Support Vector Machine

Support vector machine or SVM is a supervised learning model with associated learning algorithms that analyses data used for classification and regression analysis. Its basic approach is to separate the positive and negative class with the largest margin. It is based on Vapnik statistical learning theory [14]. It has many good properties like margin maximization, high fitting accuracy, small number of tuneable parameters and kernel technology adopted in high-dimensional feature space. We can also say that it is a non-probabilistic binary linear classifier.

Random Forest

Random forest is a supervised learning method which consists of random decision tree which works in coordination with classification and regression. They operate by constructing multiple layers of decision tree at the time of training and output the classes or mean prediction of the individual trees. Now by taking the probability of all the decision trees into account, the overall probability is calculated. It is basically used for the data sets having high dimensionality where the individual variables are non-stationary and highly noisy.

Multilayer Perceptron

Multilayer perceptron is a class of feed forward artificial neural network. An MLP consists of at least three layers of nodes. Except for the input nodes, each node is a neuron that uses a nonlinear activation function. MLP utilizes a supervised learning technique called backpropagation for training. Its multiple layers and nonlinear activation distinguish MLP from a linear perceptron. It can even distinguish data that are not linearly separable. For now, MLP classifier supports only cross-entropy loss function, which allows probability estimates by running predict_proba method.

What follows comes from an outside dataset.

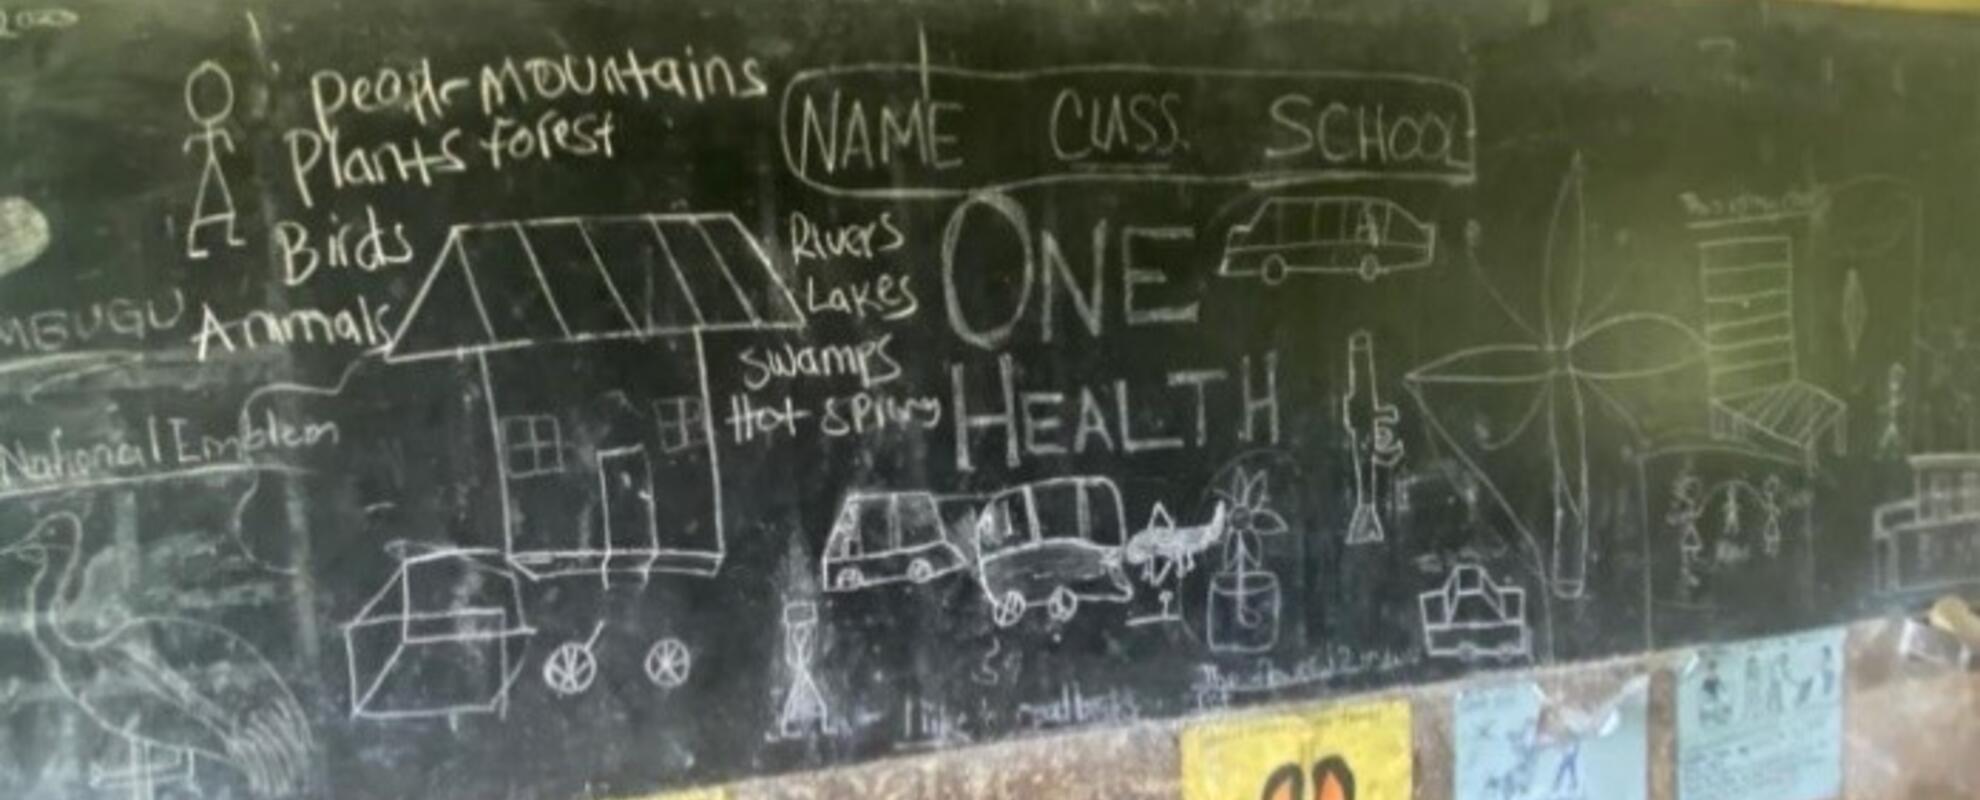 Illustration of the One Health approach by primary school pupils in Uganda (photo credit: COHESA/YOLIDA).
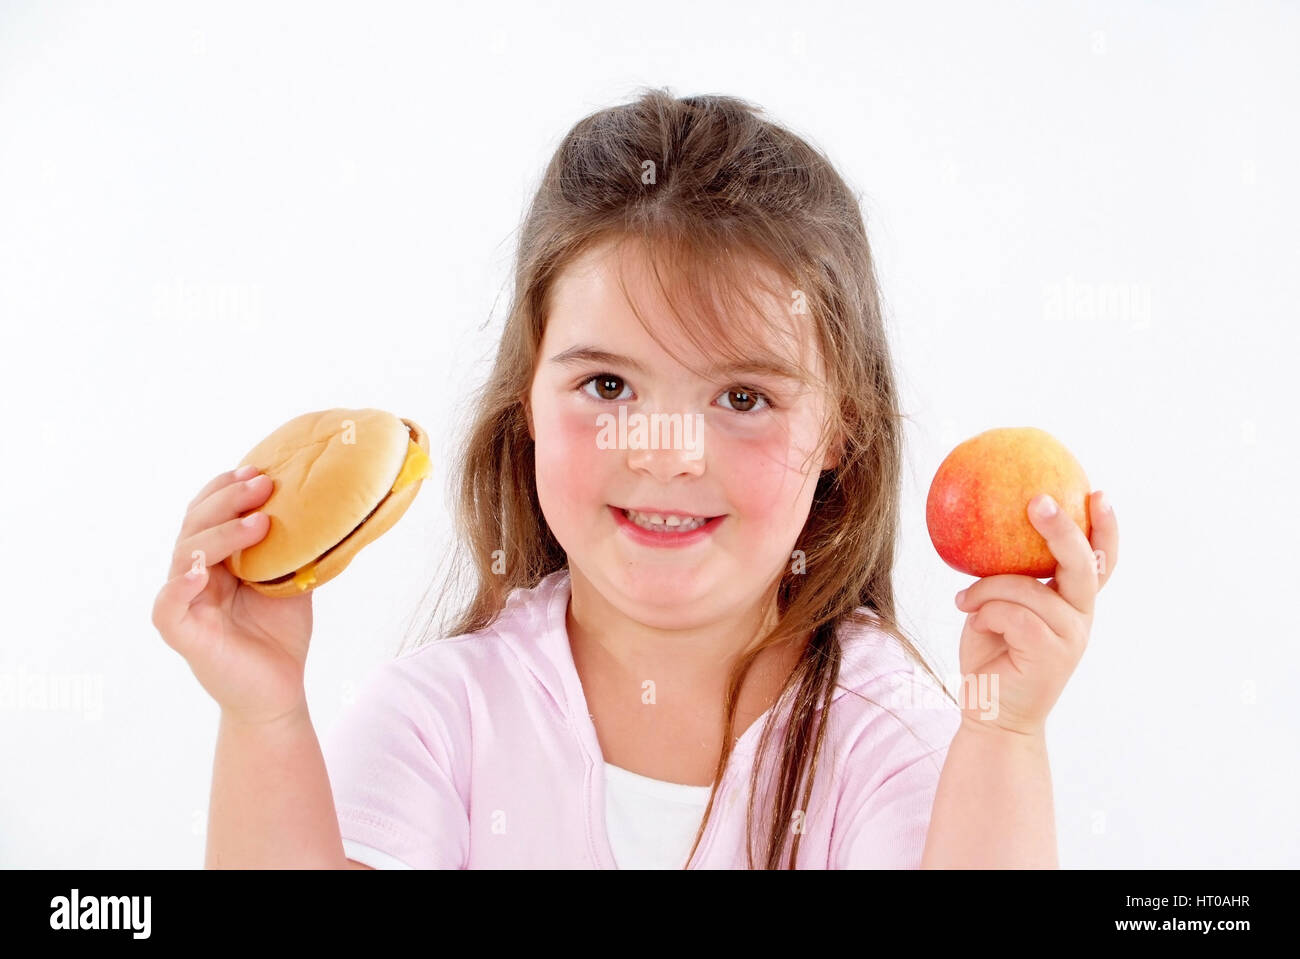 Molliges M?dchen mit Burger und Apfel - chubby girl with burger and apple Stock Photo

3.4 Performance Measure Metrics

The parameters used to determine the quality of the wine by the above-mentioned algorithms are: fixed acidity, volatile acidity, citric acid, residual sugar, chlorides, free sulphur dioxide, total sulphur dioxide, density, pH, sulphates and alcohol content. In this paper, the parameter used to compare the performance and validations of the classifiers is accuracy score, whereas according to the definition, accuracy in machine learning is the number of correct predictions made, divided by the total number of prediction.

4 Result

There are several solutions for the wine quality analysis as well as several ways to do it. The above-stated problem has been solved by various algorithms but which one gives the best result? We have considered three basic algorithms which were used to determine the quality of the wine and studied that which algorithm gives the best possible result. In this paper after dividing the data set into two groups, namely training data set and test data set, we trained each classifier based on the training data set and tested their (classifier’s) efficiency on the test data set. So, each classifier is able to show the performance metrics, i.e. accuracy based on the test data set. We made a bar graph plot for better understanding of the comparative study of the classifiers based on the accuracy parameter. And hence, we were able to see that random forest algorithm gave the result with best accuracy and SVM with the worst among the three. The classification scores of SVM are given in Table 1, classification scores of random forest are given in Table 2, and classification scores of multilayer perceptron are given in Table 3. And a bar graph is shown in Fig. 2.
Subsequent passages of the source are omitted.